Your task »
Exact repetition of a range: find the line containing "Hong_Kong_Skyline_Unsplash_Pano" and the line containing "Cuadro decorativo con" in the material below, then repeat both and all lines between them, leaving pictures out.

** Given data follows **

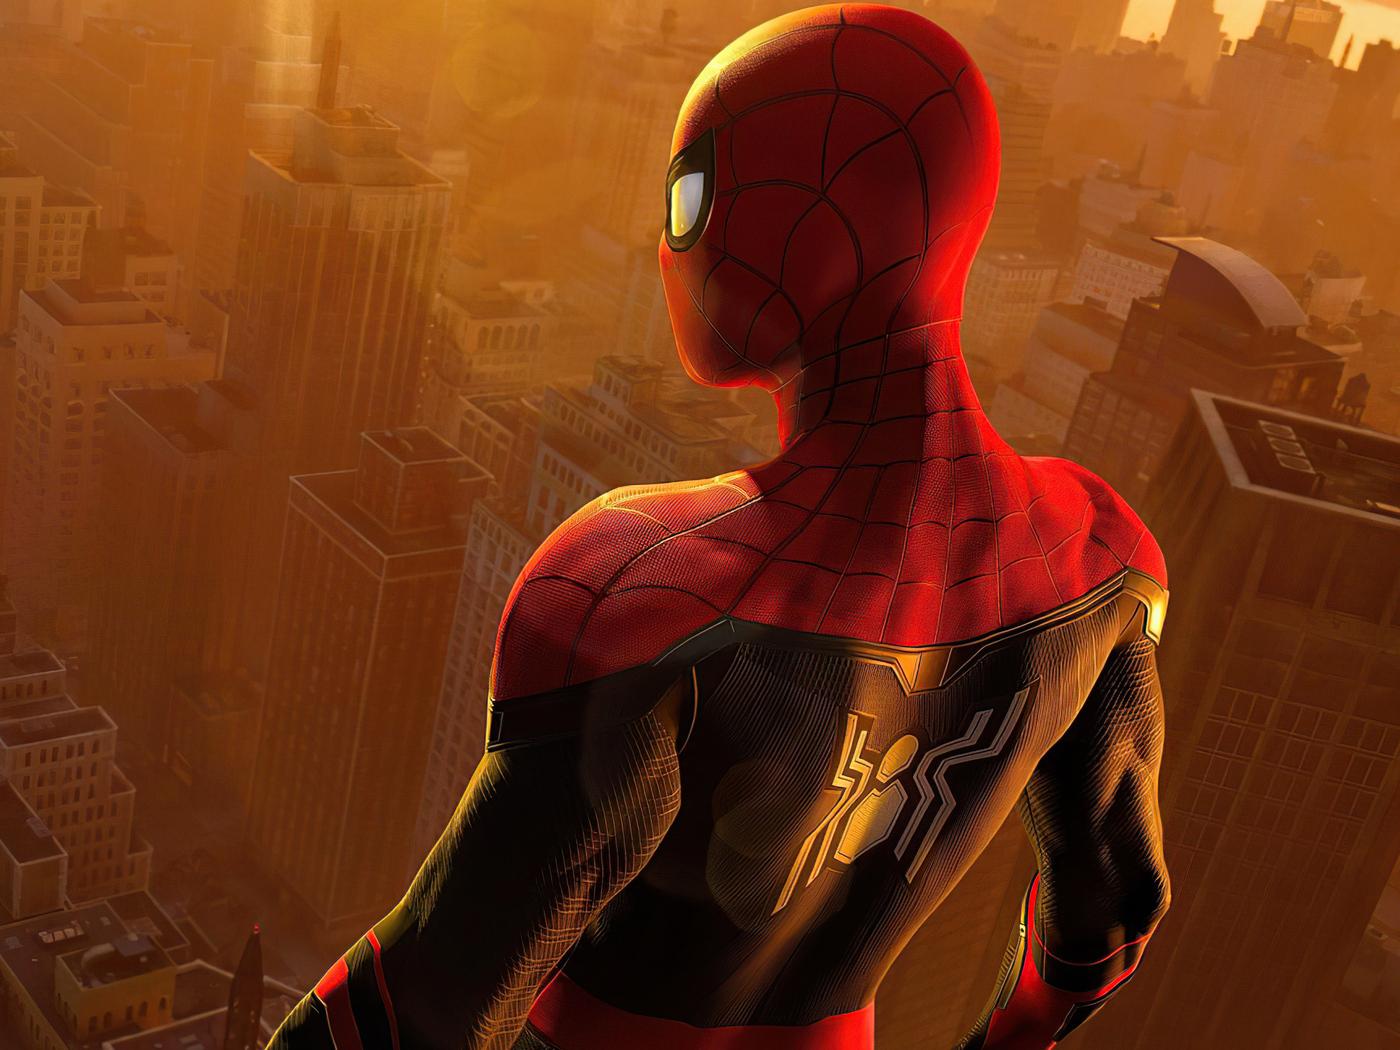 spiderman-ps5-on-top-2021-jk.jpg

** End of Given data **
** Given data follows **

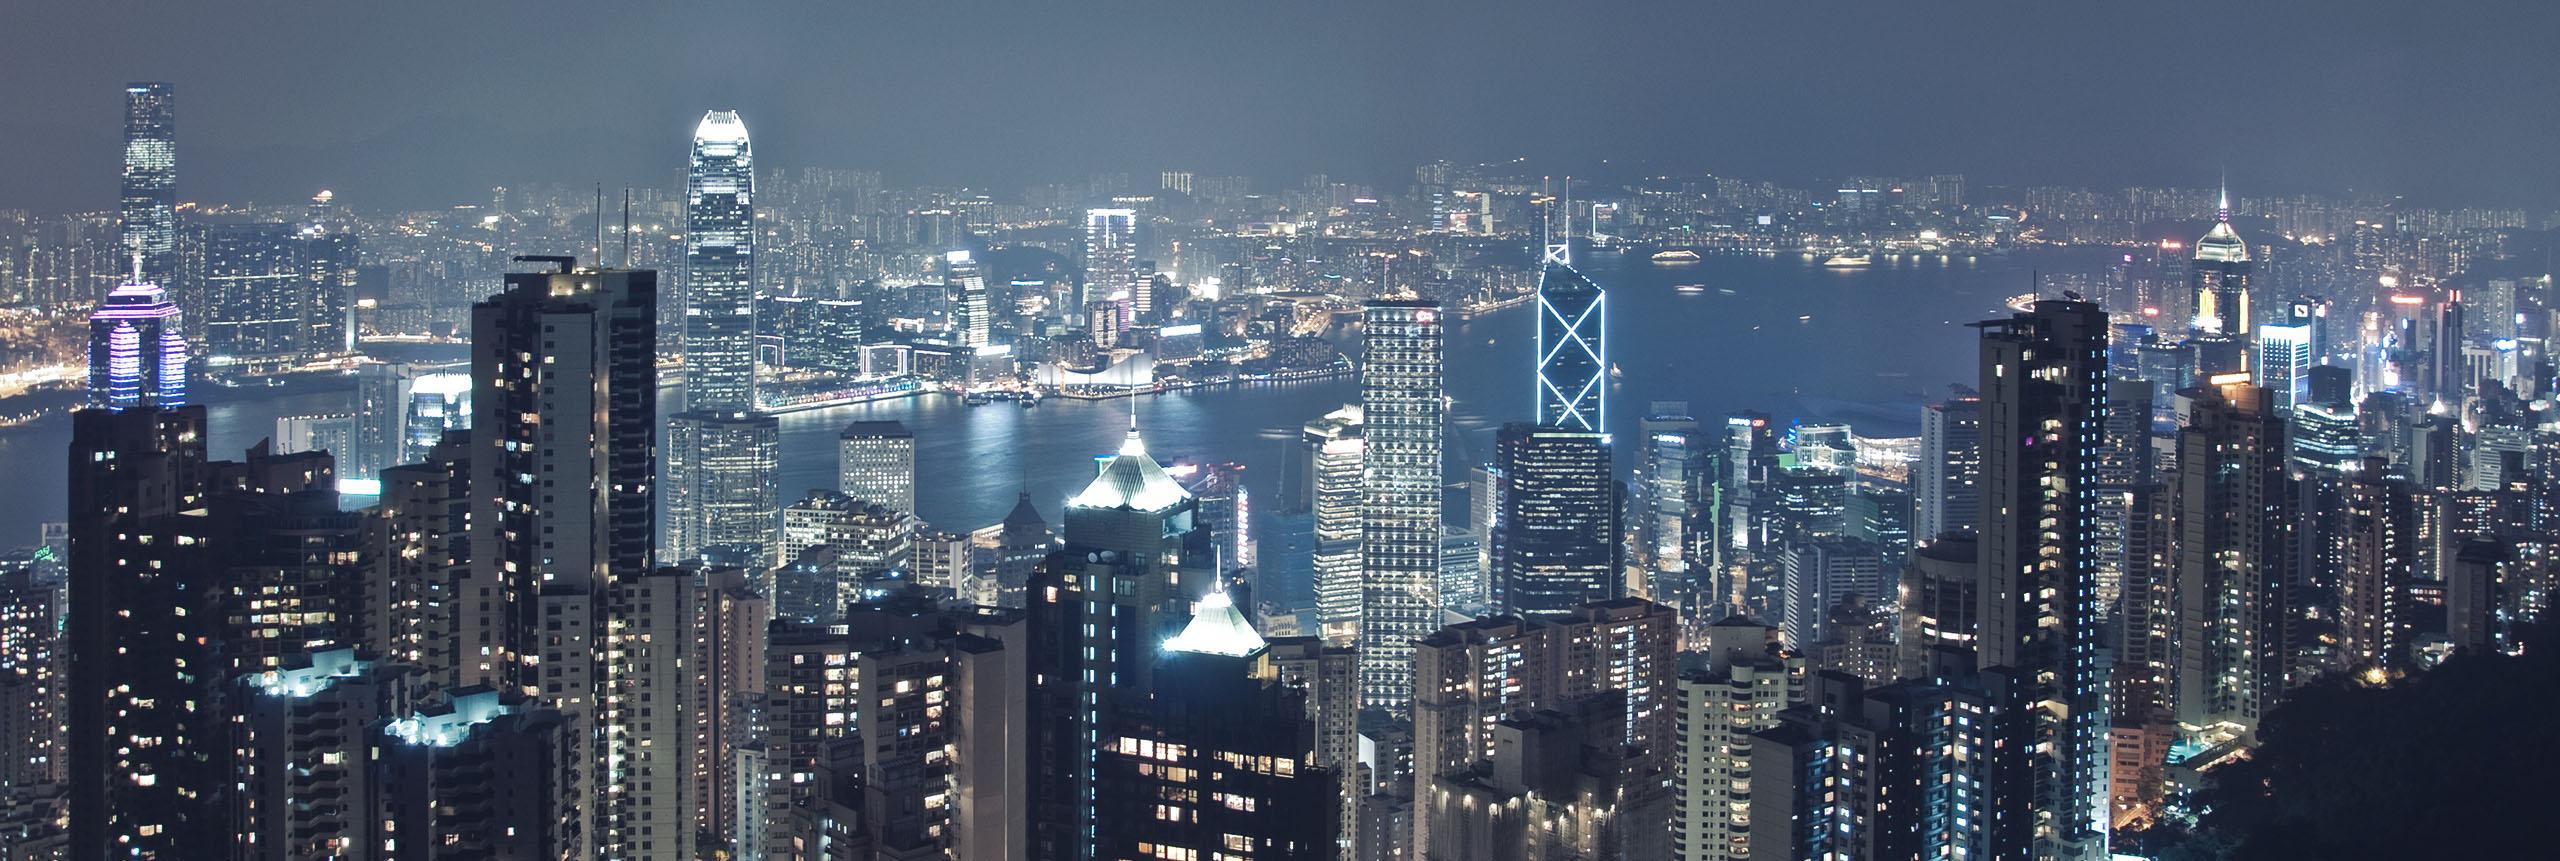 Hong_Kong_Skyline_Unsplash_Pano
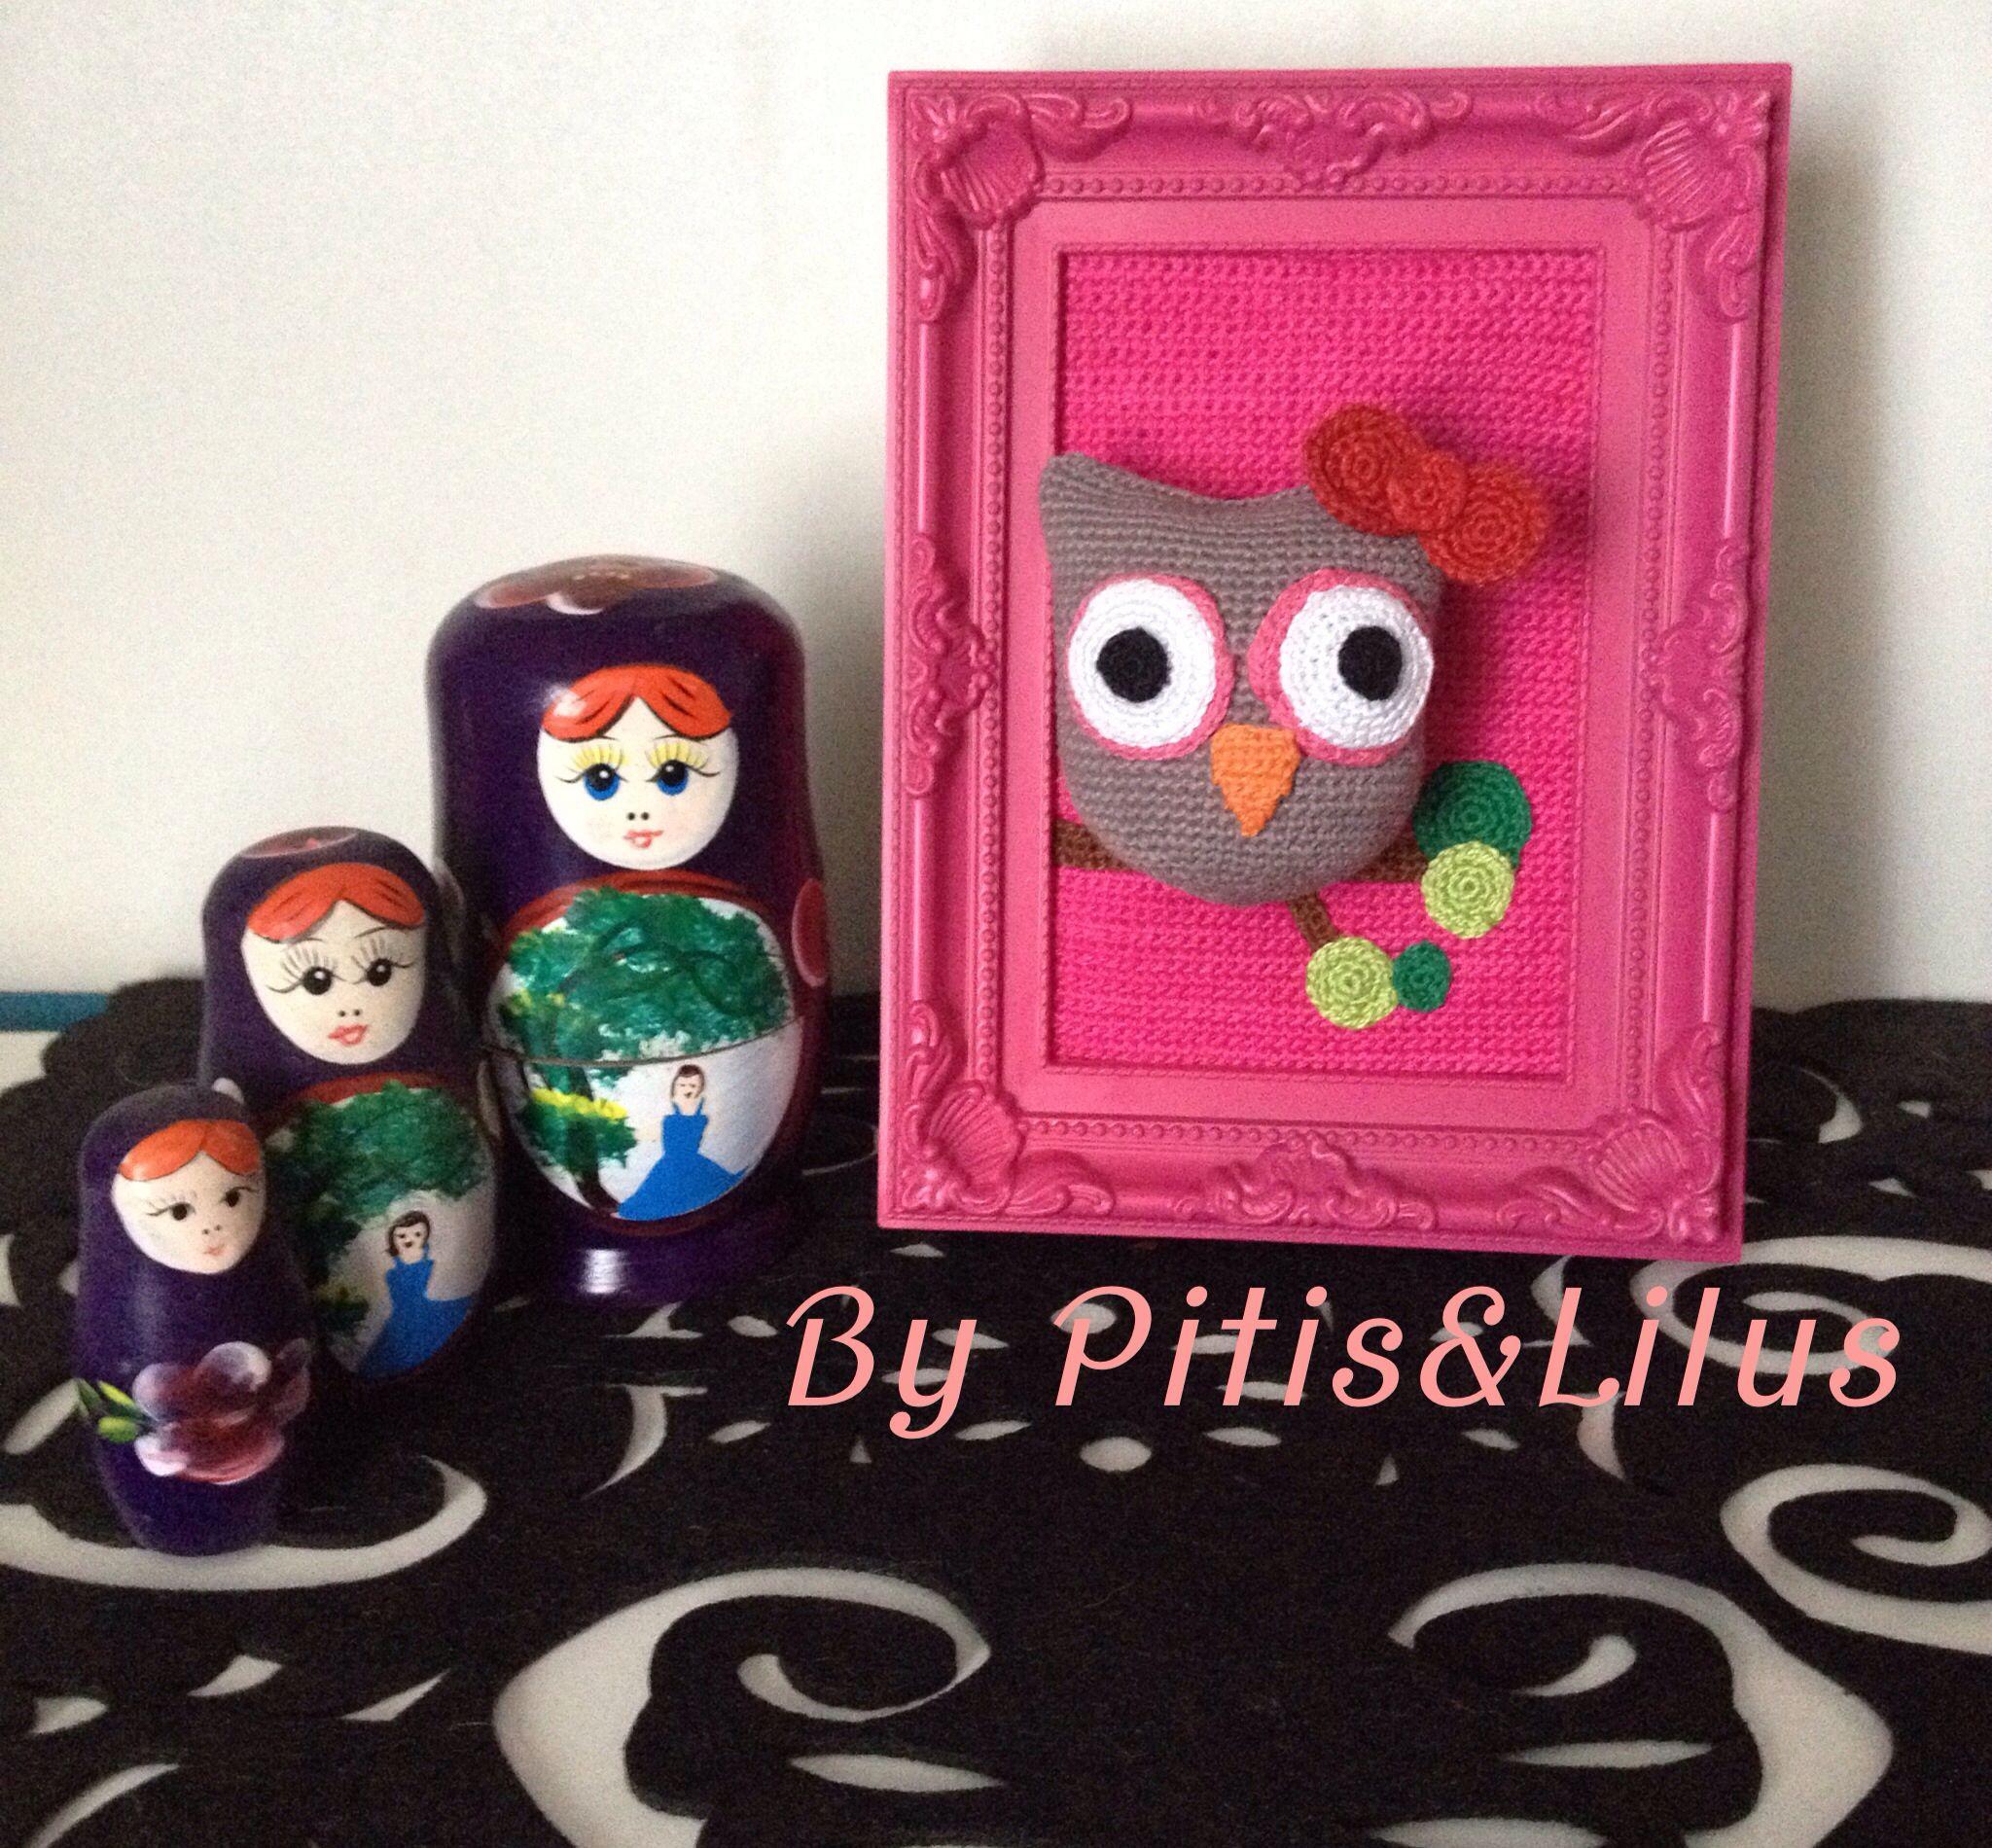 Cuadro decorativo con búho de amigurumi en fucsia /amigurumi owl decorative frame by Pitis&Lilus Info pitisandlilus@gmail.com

** End of Given data **
** Given data follows **

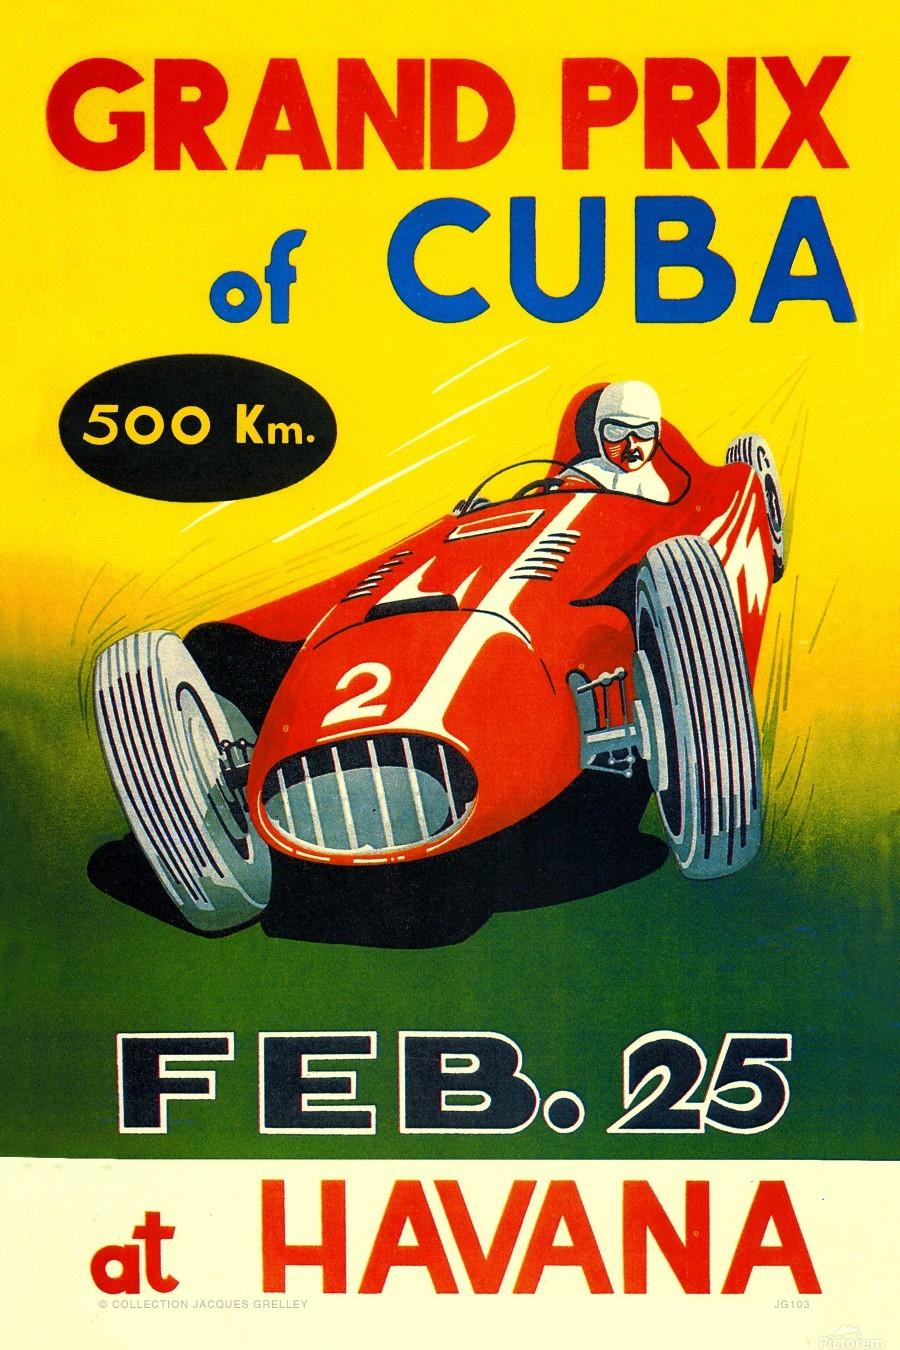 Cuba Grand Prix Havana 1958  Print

** End of Given data **

Written response »
 Hong_Kong_Skyline_Unsplash_Pano
 Cuadro decorativo con búho de amigurumi en fucsia /amigurumi owl decorative frame by Pitis&Lilus Info pitisandlilus@gmail.com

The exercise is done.